11. Phyllanthus fraternus G. L. Webster, Contr. Gray Herb. 176: 53. 1955.
Gulf leafflower Gulf leafflower
Phyllanthus niruri Linnaeus var. scabrellus Müller Arg., Linnaea 32: 43. 1863
Herbs, annual, monoecious, 1–4 dm; branching phyllanthoid. Stems: main stems angled, not winged, glabrous; ultimate branchlets subterete, narrowly winged, ± scabridulous. Leaves on main stems spiral, scalelike; stipules not auriculate, pale green to nearly white. Leaves on ultimate branchlets distichous, well developed; stipules not auriculate, pale green to nearly white; blade elliptic-oblong, 6–11 × 3–5 mm, base cuneate to obtuse, apex rounded, both surfaces glabrous. Inflorescences cymules or flowers solitary, unisexual, proximal with 2–3 staminate flowers, distal with 1 pistillate flower. Pedicels: staminate 0.2–0.5 mm, pistillate spreading in fruit, 1.3–2 mm. Staminate flowers: sepals 6, white to pale yellow, flat, 0.4–0.7 mm; nectary extrastaminal, 6 glands; stamens 3, filaments connate throughout. Pistillate flowers: sepals 6, green with broad white margins, flat, (1–)1.2–1.5 mm, 1-veined; nectary annular, 6–9-lobed. Capsules 2.1 mm diam., smooth. Seeds uniformly brown, 0.9–1.1 mm, longitudinally ribbed.
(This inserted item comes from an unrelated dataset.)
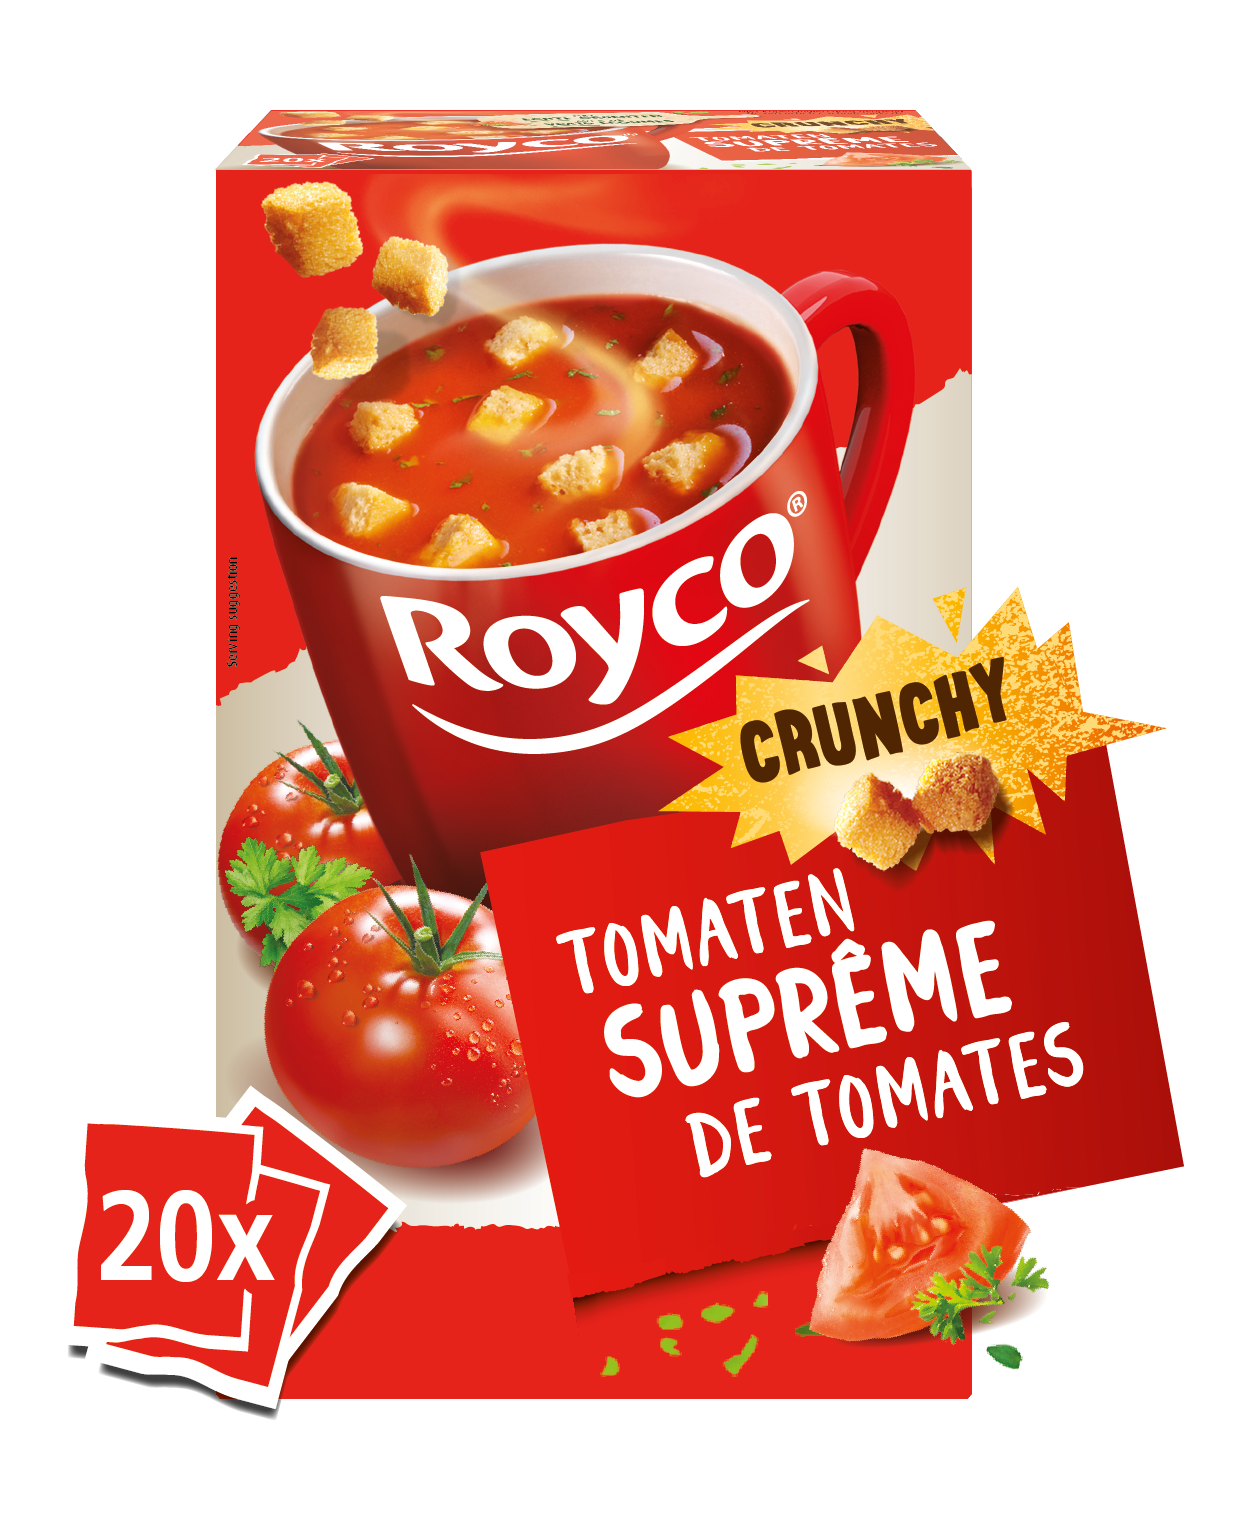 Royco Crunchy Tomatensuprême

Flowering and fruiting year-round. Fields, roadsides, gardens, other disturbed areas; 0–30 m; introduced; Fla., Ga., La., Miss., S.C., Tex.; s Asia (India, Pakistan); introduced also in West Indies, Bermuda, w Asia, Africa, Indian Ocean Islands.
Phyllanthus fraternus, native to Pakistan and northwest India, apparently was introduced into the United States in the 1950s, first in Louisiana, and has spread mainly along the Gulf Coast.